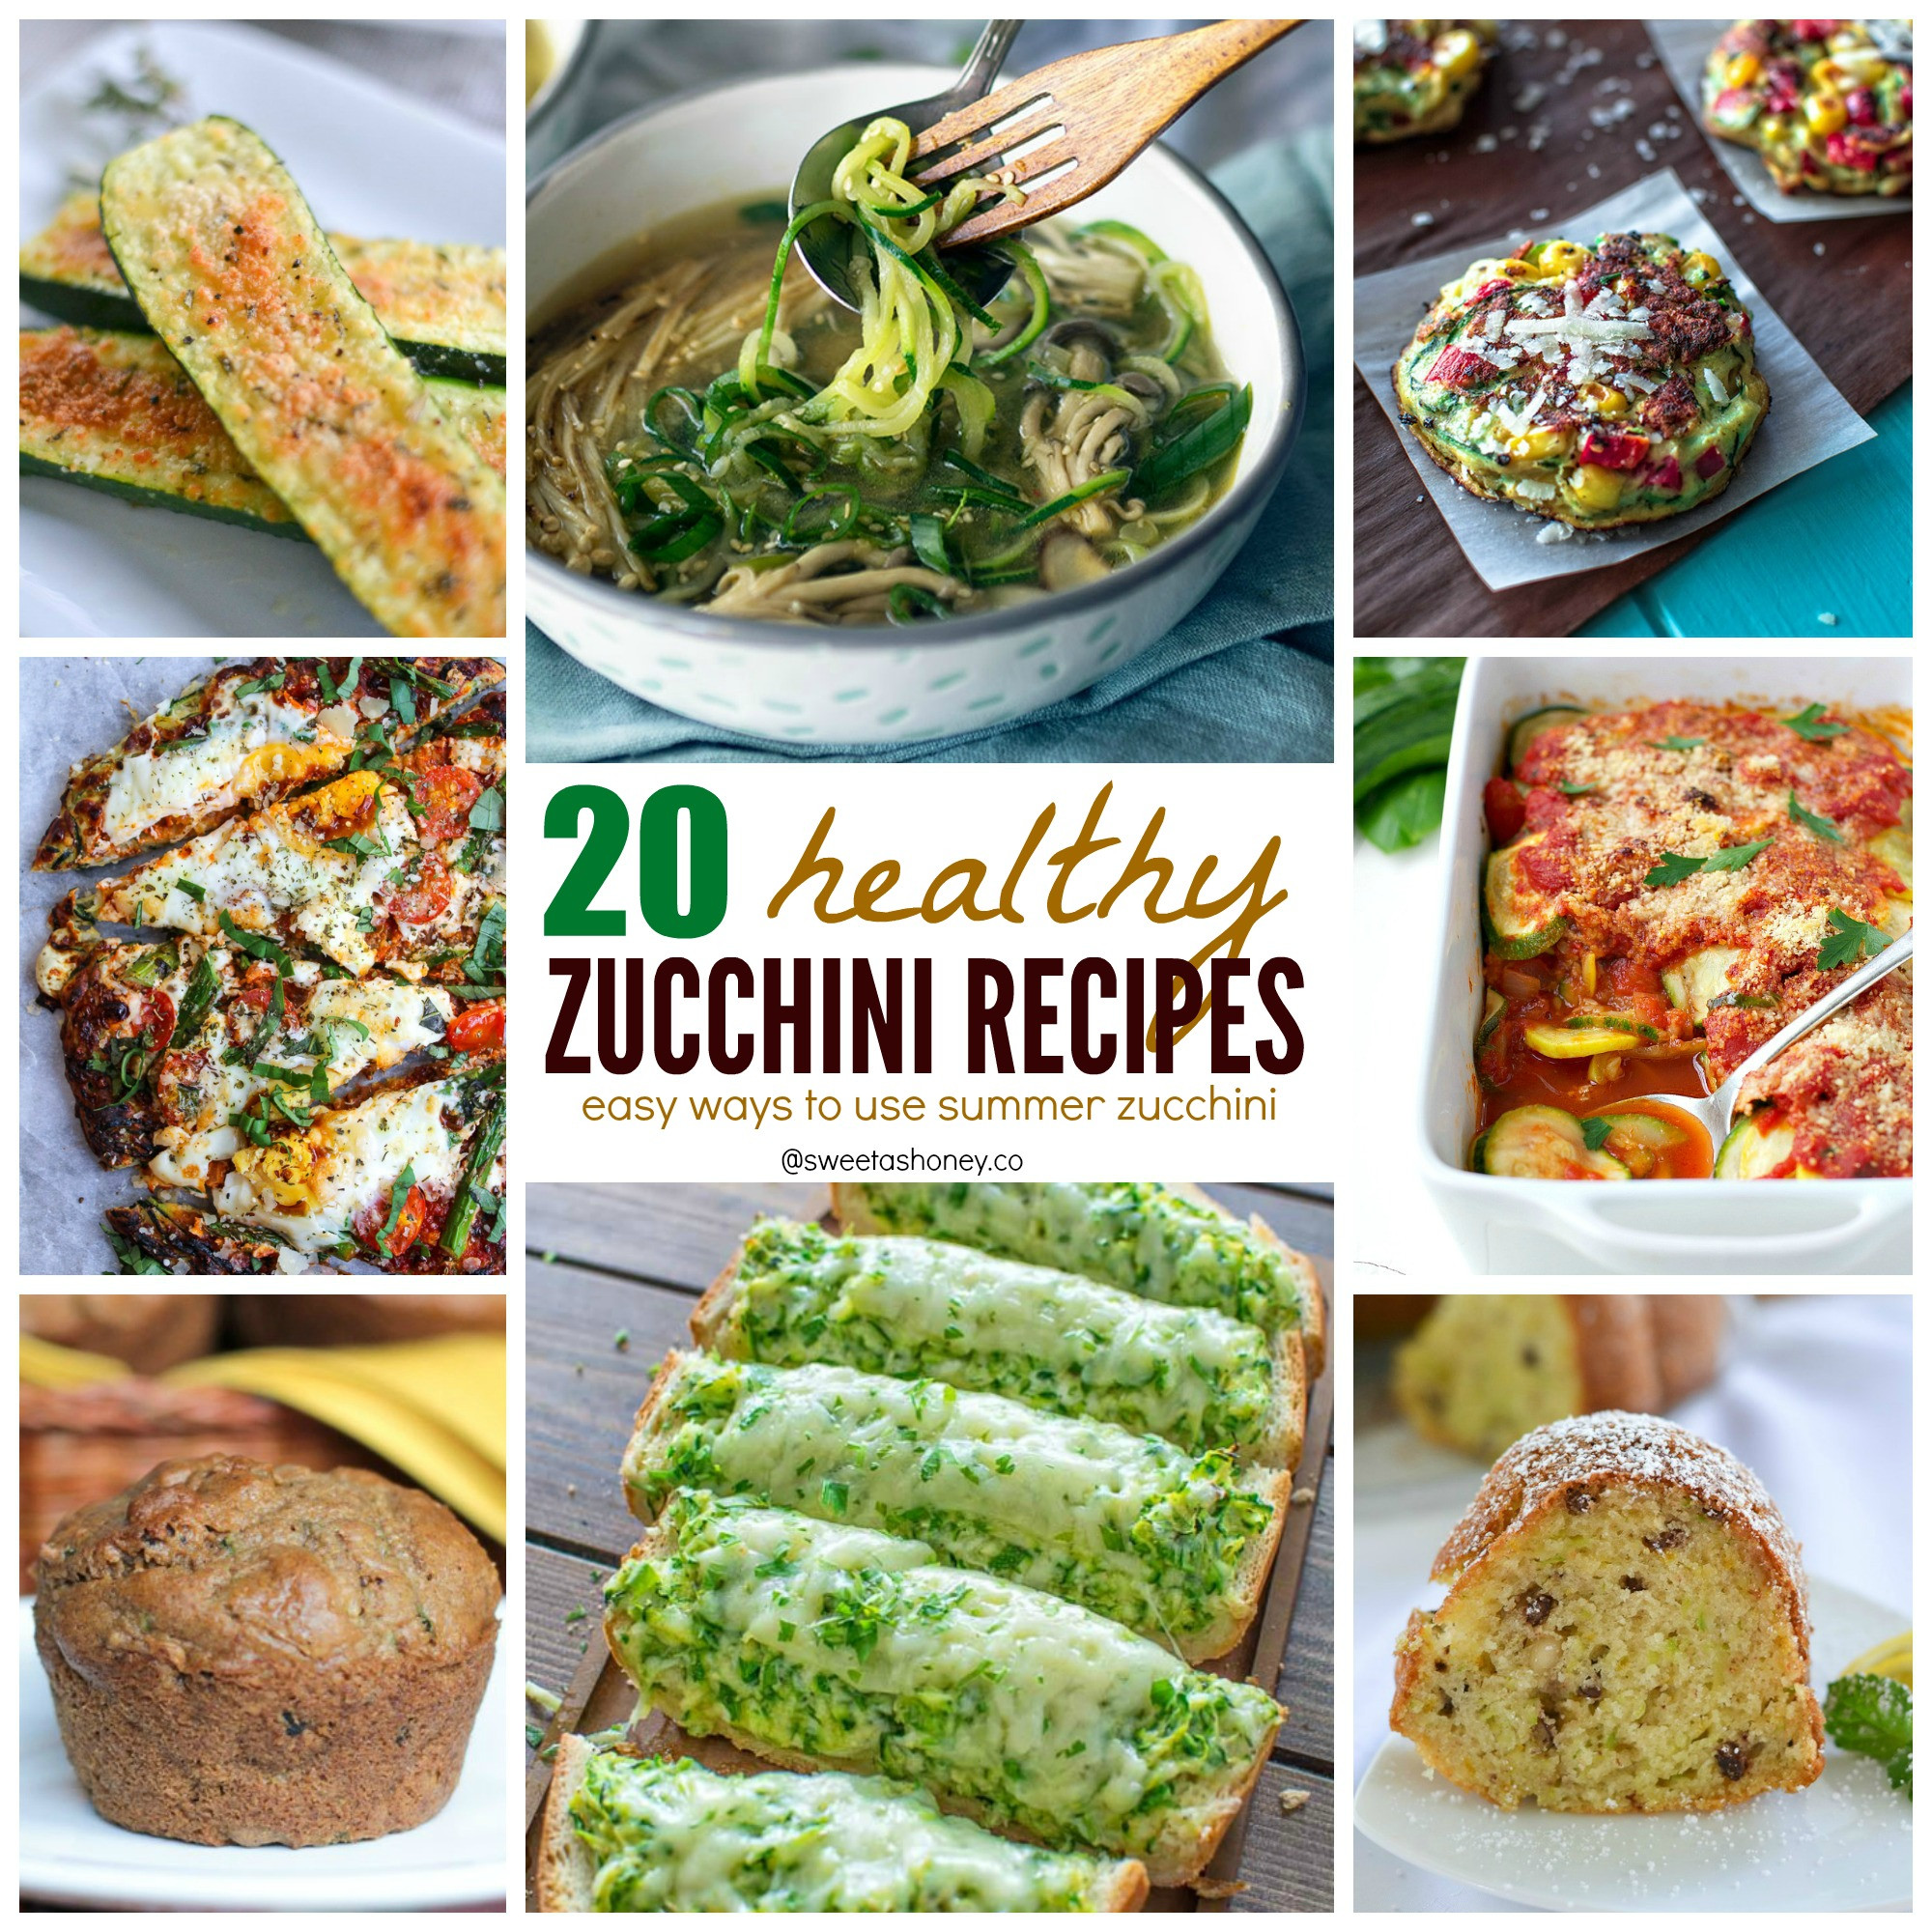 Zucchini Recipe Healthy  Healthy Zucchini Recipes 20 Easy Ways to Use Zucchini
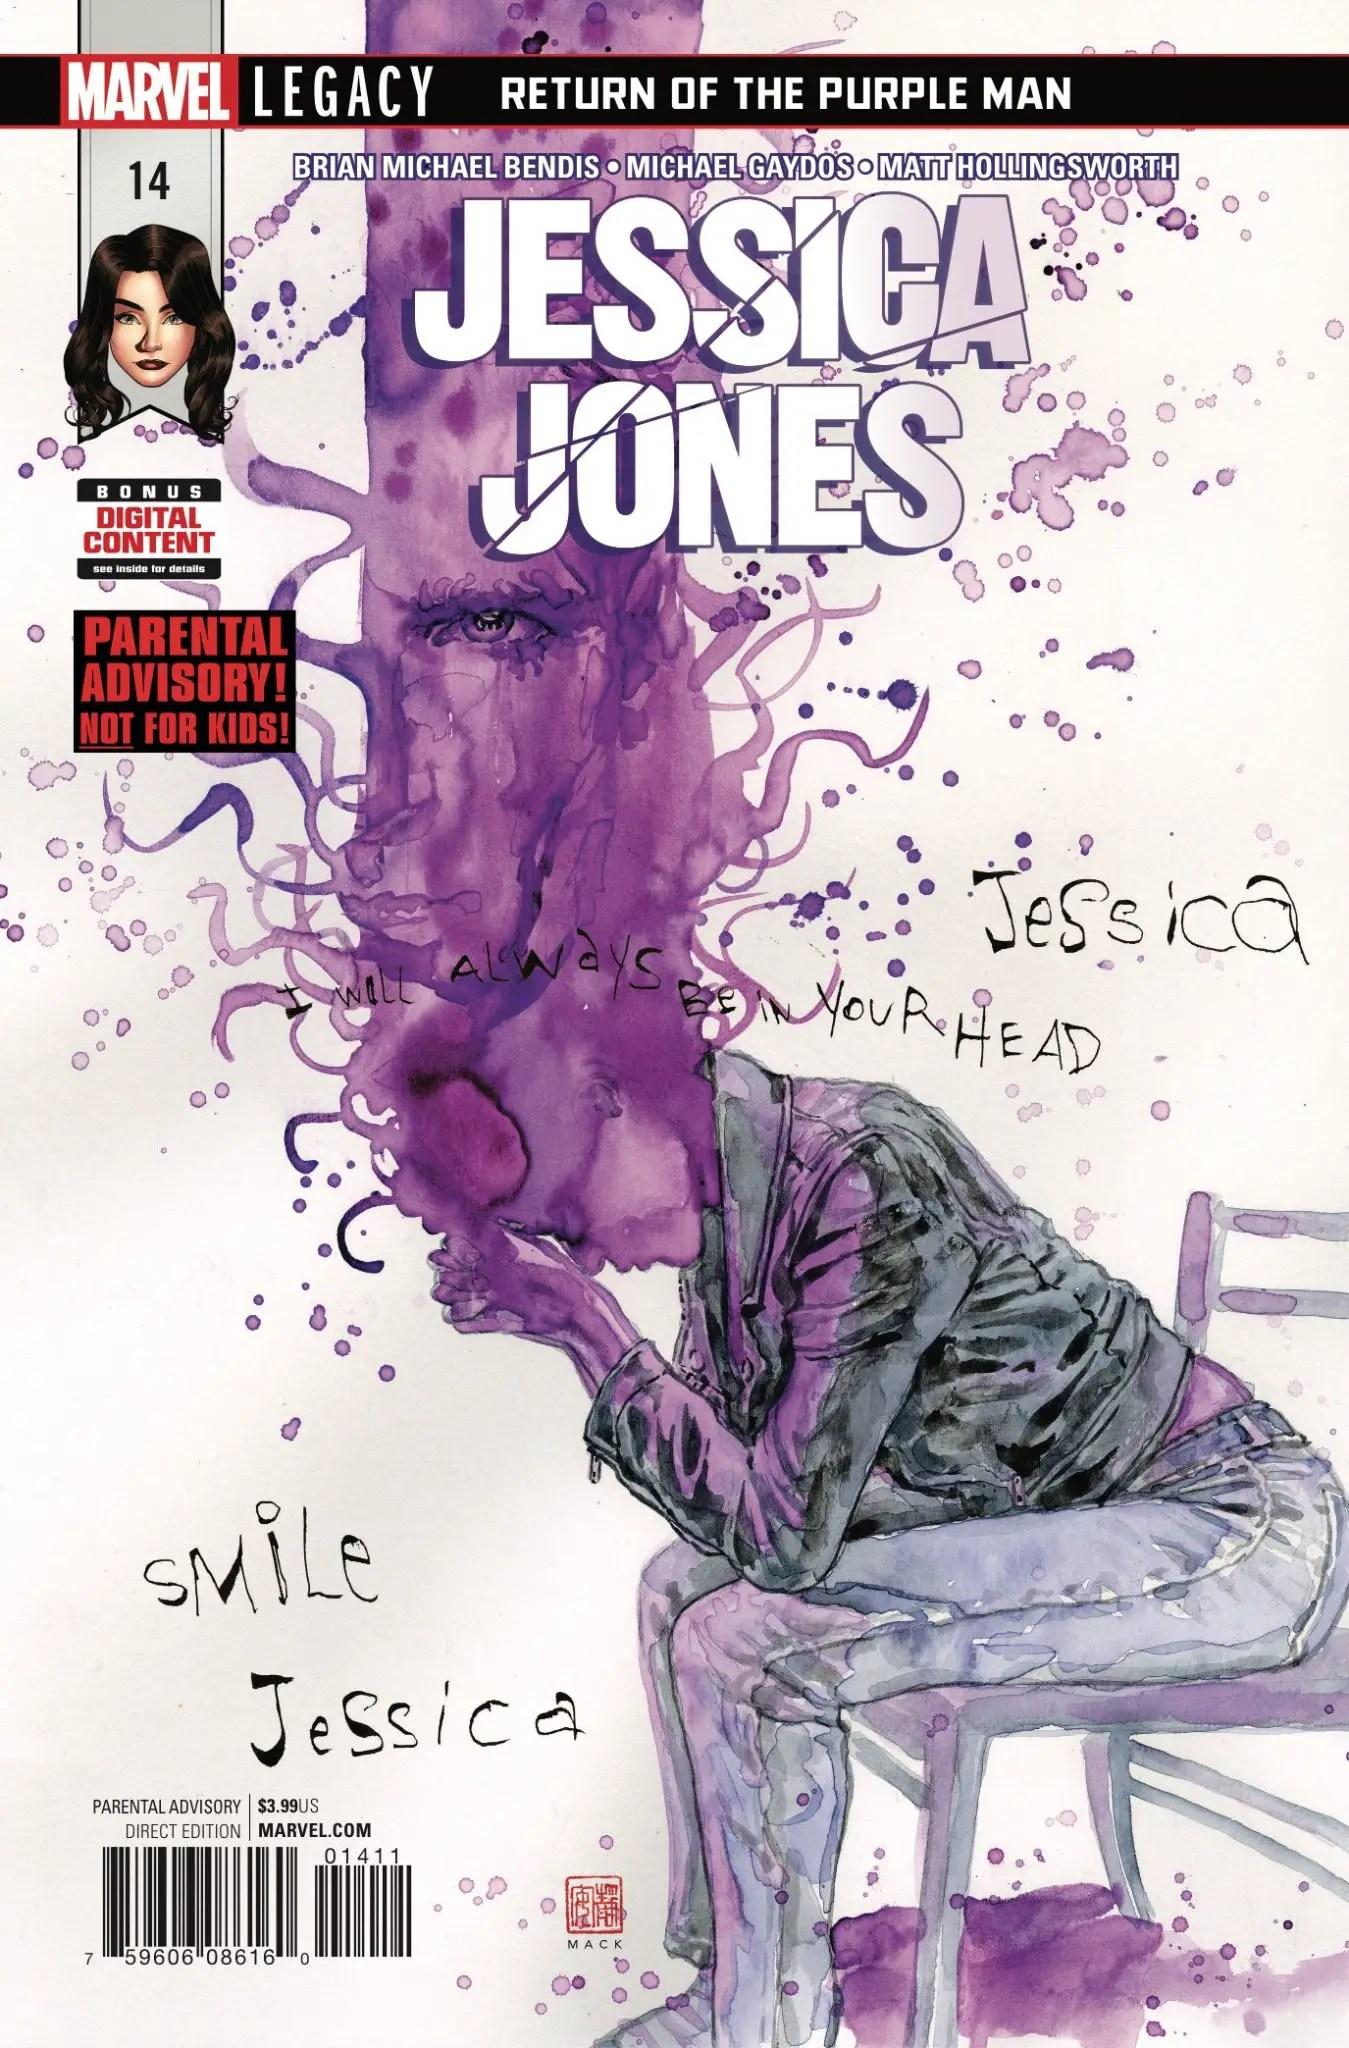 Jessica Jones #14 Review
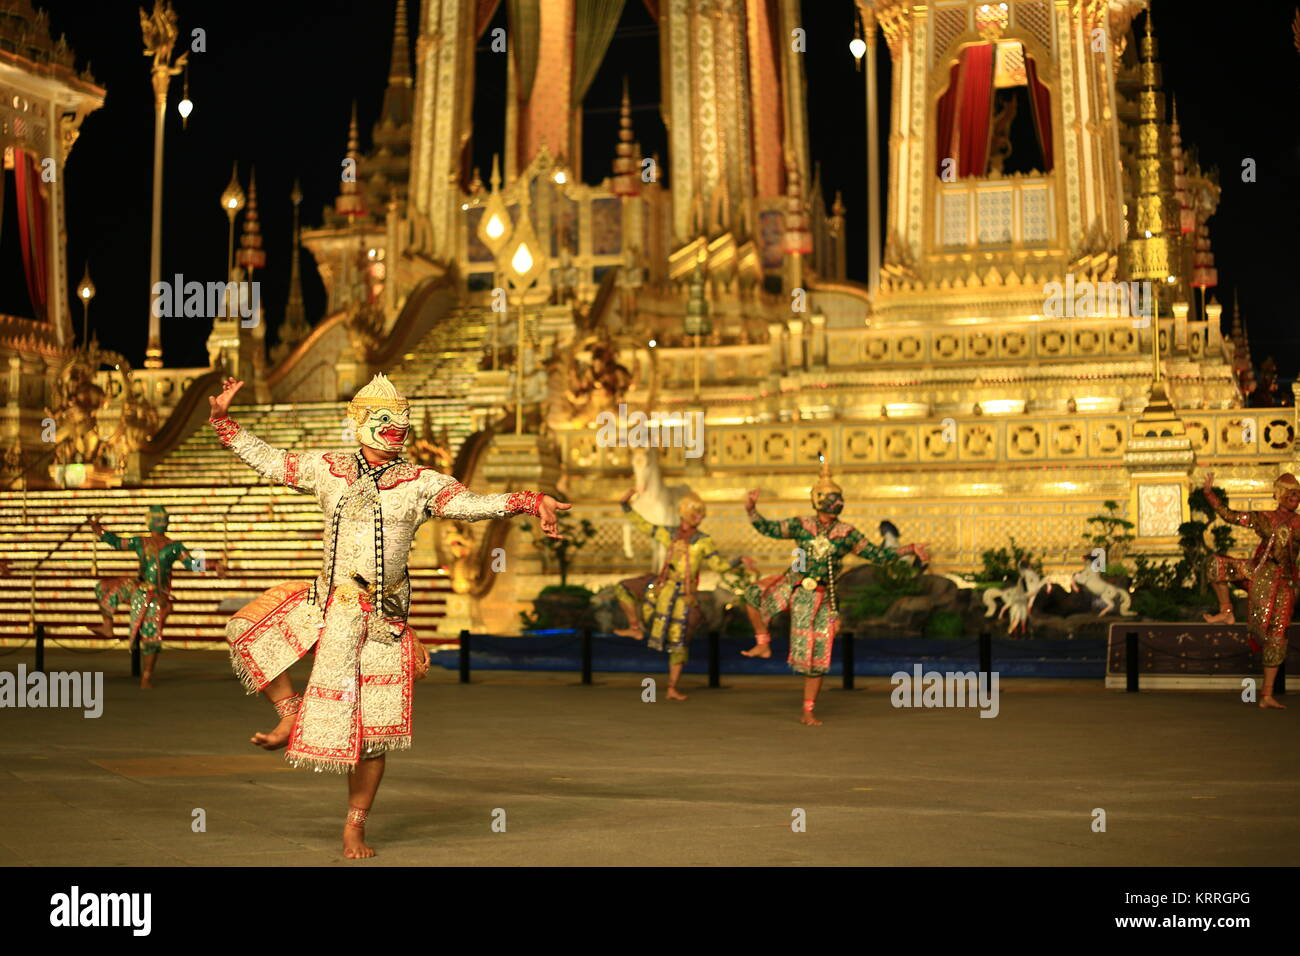 Khon performance high art dance show in front of King Rama IX Crematorium pyre site.  Thailand, Bangkok, December - Stock Image

□ □ □ □ □

- [Work task]:
Copy out all the data above exactly, pictures excluded.

- [Task output]:
 Zucchini Recipe Healthy  Healthy Zucchini Recipes 20 Easy Ways to Use Zucchini
 Jessica Jones #14 Review
 Khon performance high art dance show in front of King Rama IX Crematorium pyre site.  Thailand, Bangkok, December - Stock Image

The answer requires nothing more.